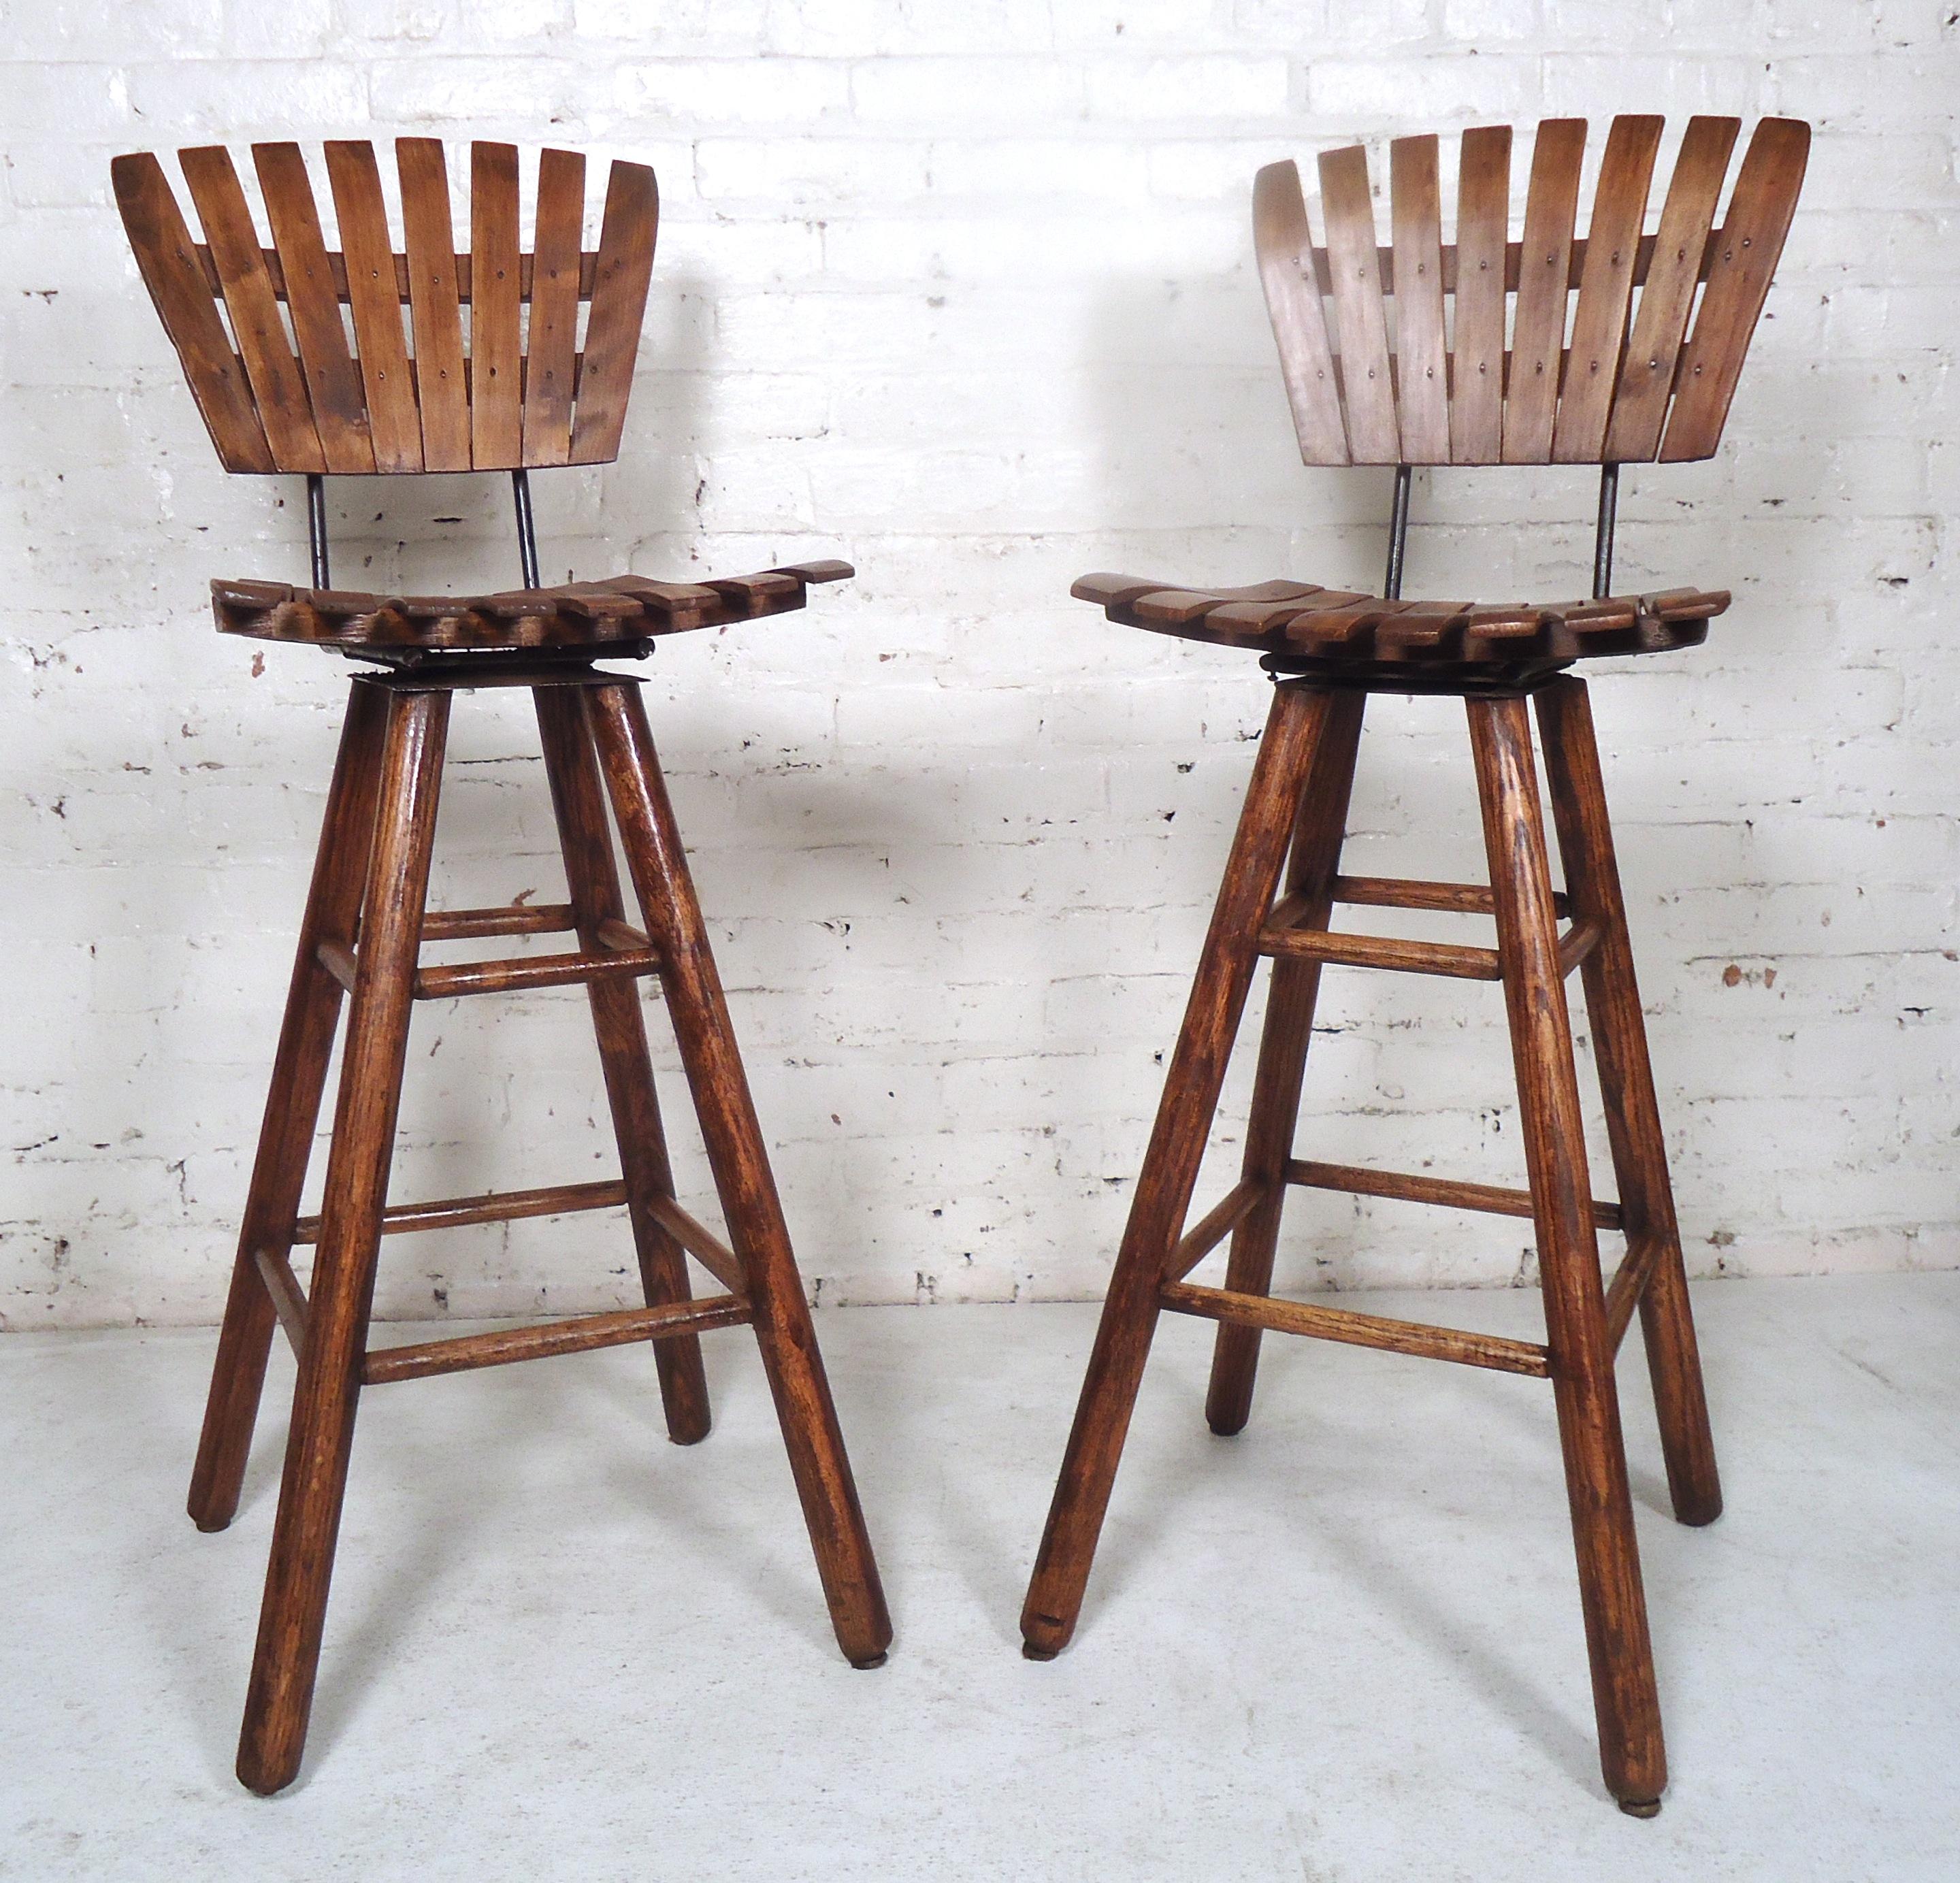 Pair of vintage modern slat stools tall and comfortable design perfect for kitchen use features and iron frame with sturdy wooden legs.

(Please confirm item location - NY or NJ - with dealer).
 
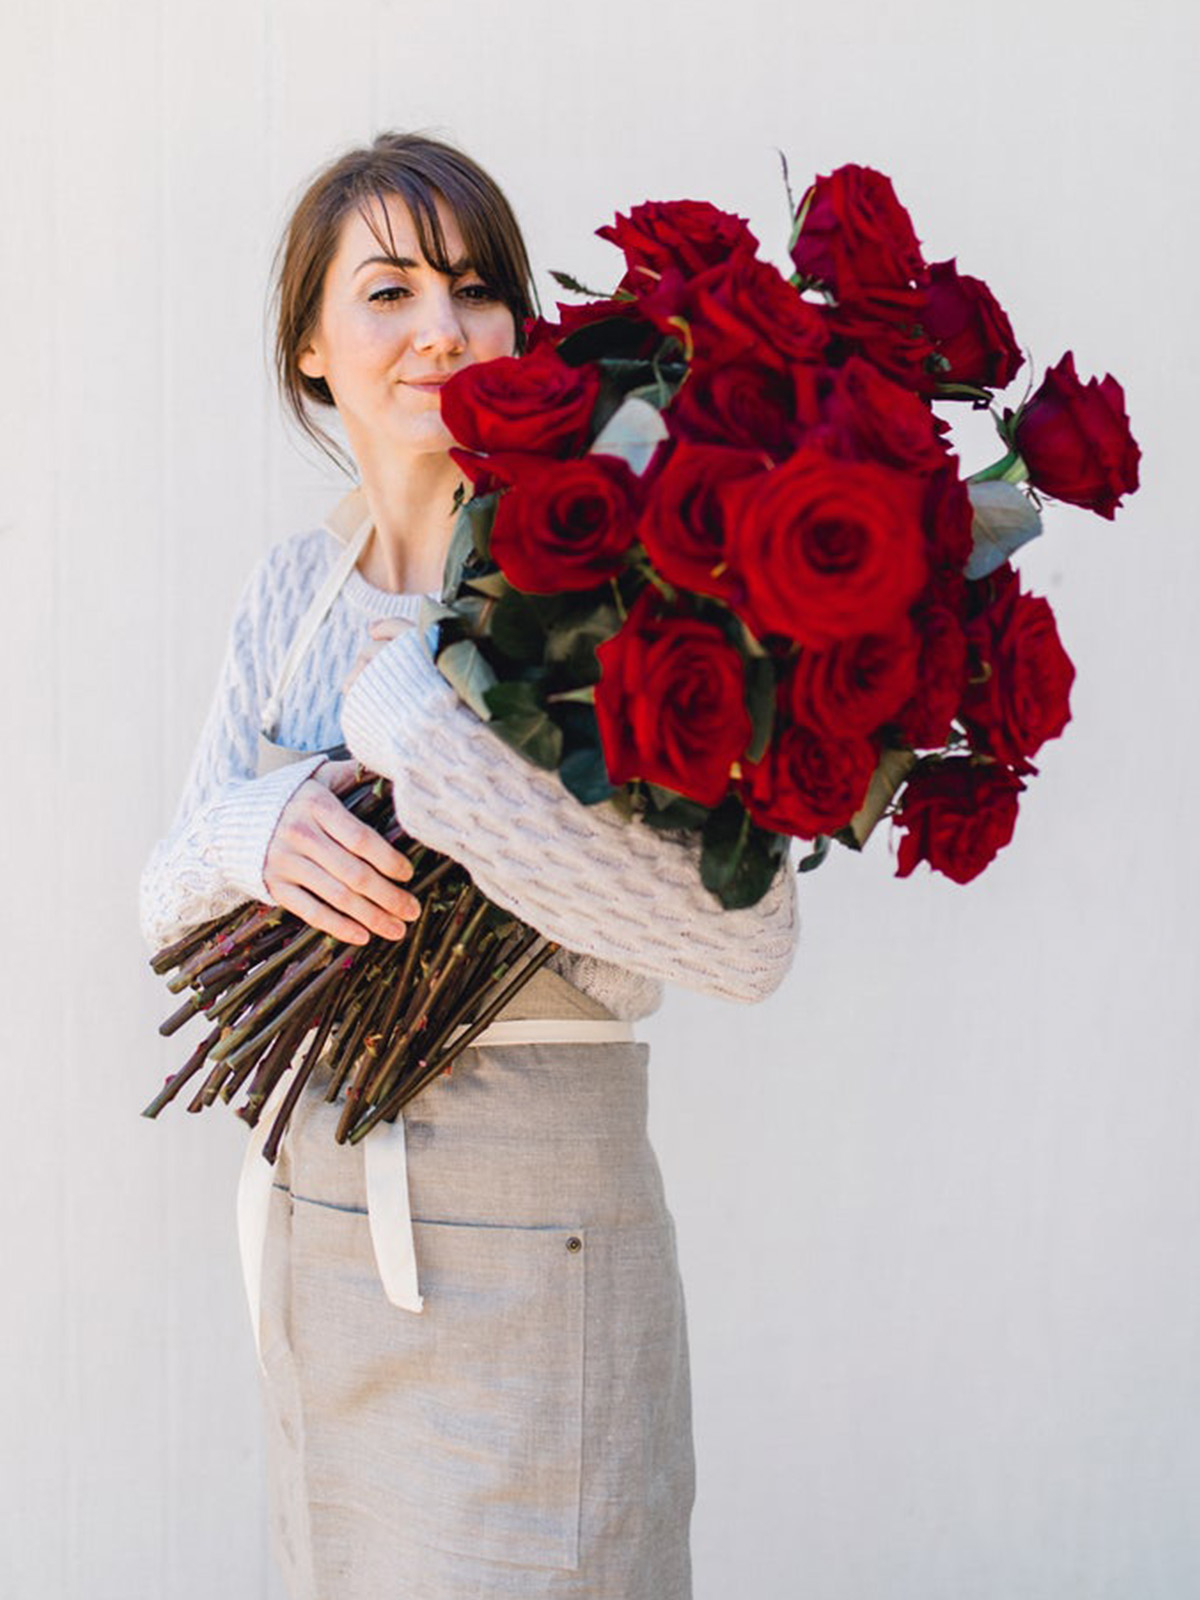 luxury red roses with girl smelling

ACTIVITY: Since the pictures are not wanted, give the material again exactly without them.

COMPLETED TASK:
 Pair of vintage modern slat stools tall and comfortable design perfect for kitchen use features and iron frame with sturdy wooden legs.

(Please confirm item location - NY or NJ - with dealer).
 
 luxury red roses with girl smelling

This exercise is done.